Namespaces and SAX2 (SAX2)

2.6. Namespaces and SAX2

But first, just what are namespaces supposed to do? Usually, they identify some particular technical vocabulary. People often reuse words rather than create new ones, and they acquire context-specific meanings and nuances that can be extremely important. A namespace can distinguish whether a word like "bill" refers to part of a bird, a now-archaic weapon, part of a hat, legislative acts, or a number of other things. So a <bill length='45cm'/> element might be associated with a namespace, which provides context that should help applications interpret the element. A processor for "Birder's Markup Language" could know to reject (or ignore) markup intended for legislative or financial uses, even if they all use "bill" elements.

XML defines a way to declare namespaces as needed, using attributes. Namespaces are usually indicated by a prefix, which can serve as a qualifying adjective: "the bird's bill" might be bird:bill while "the consultant's bill" might be consultant:bill. You can also set up a default element namespace so that an unadorned bill element might indicate, for example, a weapon.

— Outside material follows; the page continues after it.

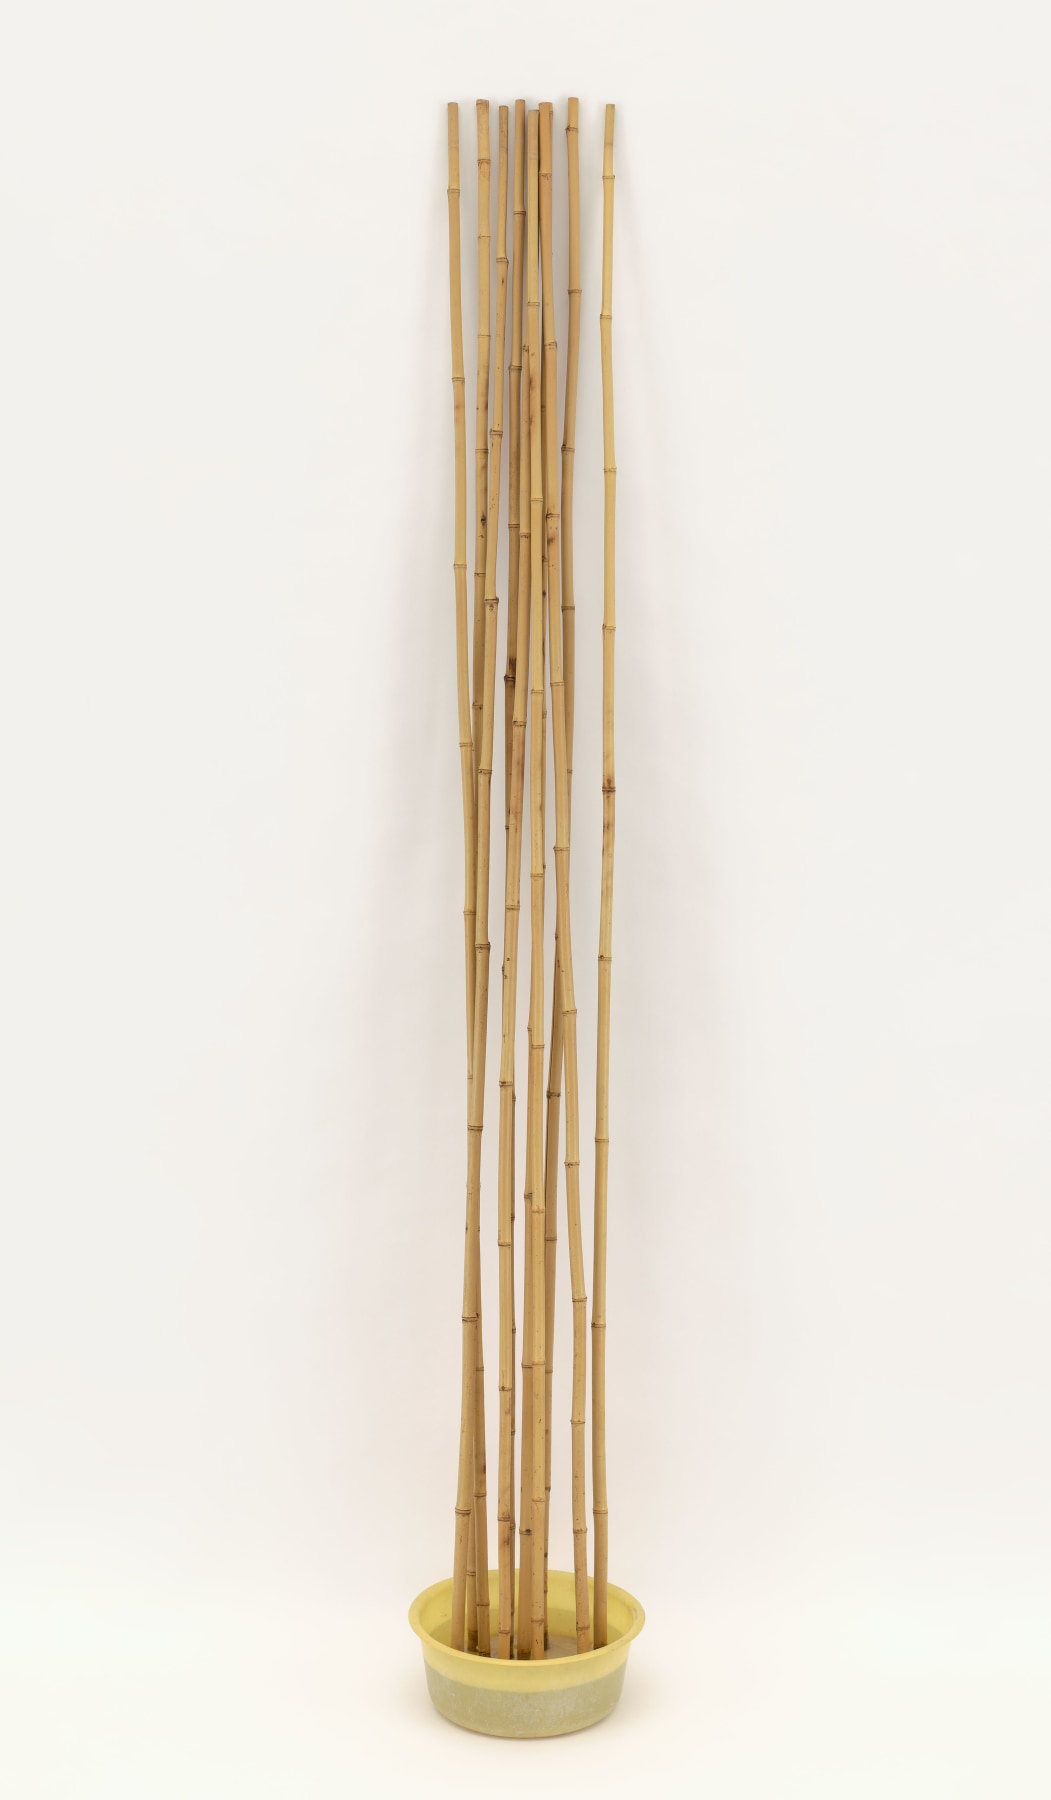 &quot;Attempt at Resuscitation of Bamboo Canes&quot;, 1967
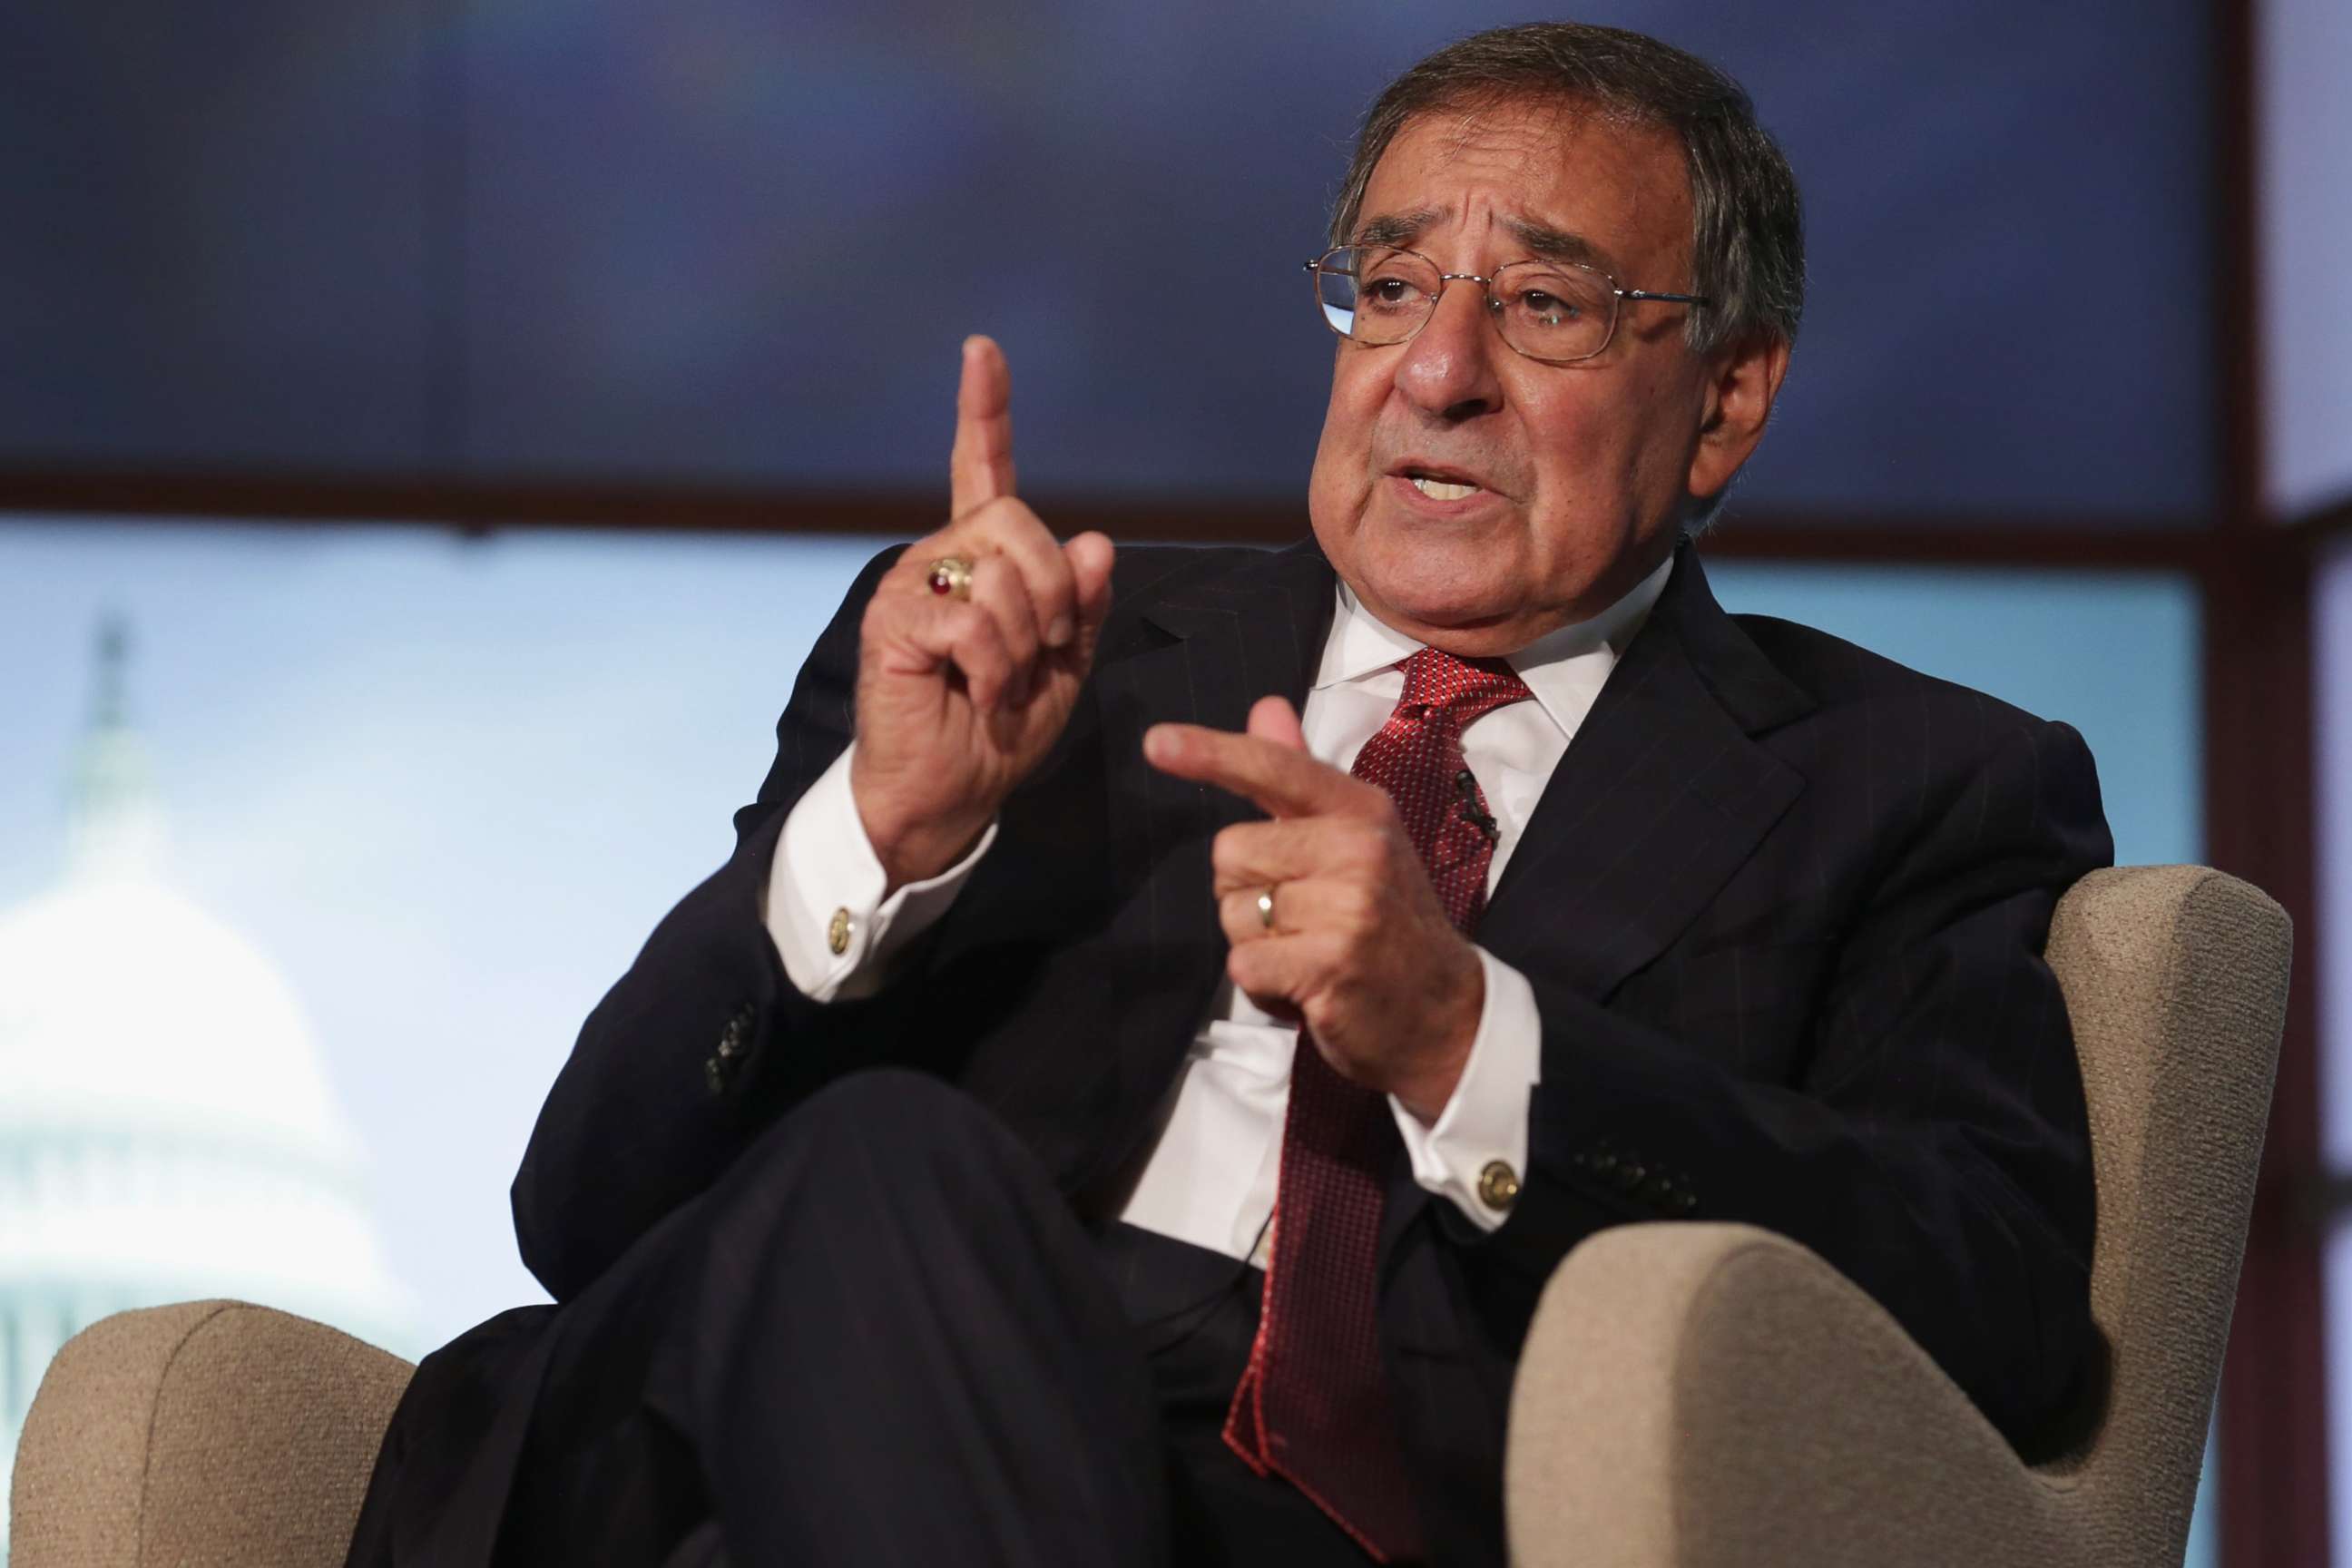 PHOTO: Leon Panetta discuss his new book, "Worthy Fights," during an event in the Jack Morton Auditorium at George Washington University, Oct. 14, 2014 in Washington, D.C.

2.6.2. Element and Attribute Naming with Namespaces

The direct impact of XML namespaces on your SAX2 application code is to give you a second way to identify elements and attributes. Documents will normally use only one identification style for a given element or attribute. These identification styles are distinct from the two models for using such names, described earlier:

Qualified names: These are exactly as found in the XML text. Examples include para and, with a prefix, xhtml:p. (XML documents that don't use namespaces, and some namespace-style documents won't use colons.)
Universal names: These consist of two separate strings: a "local name" from the XML text (removing any namespace prefix) and a "namespace name" (always a URI) from namespace declarations. For the qualified name xhtml:p, the local name is p, and the namespace name is the URI associated with the prefix xhtml, which is a function in the namespace declaration. Such names are in a sense "universalized" by addition of a suitable URI.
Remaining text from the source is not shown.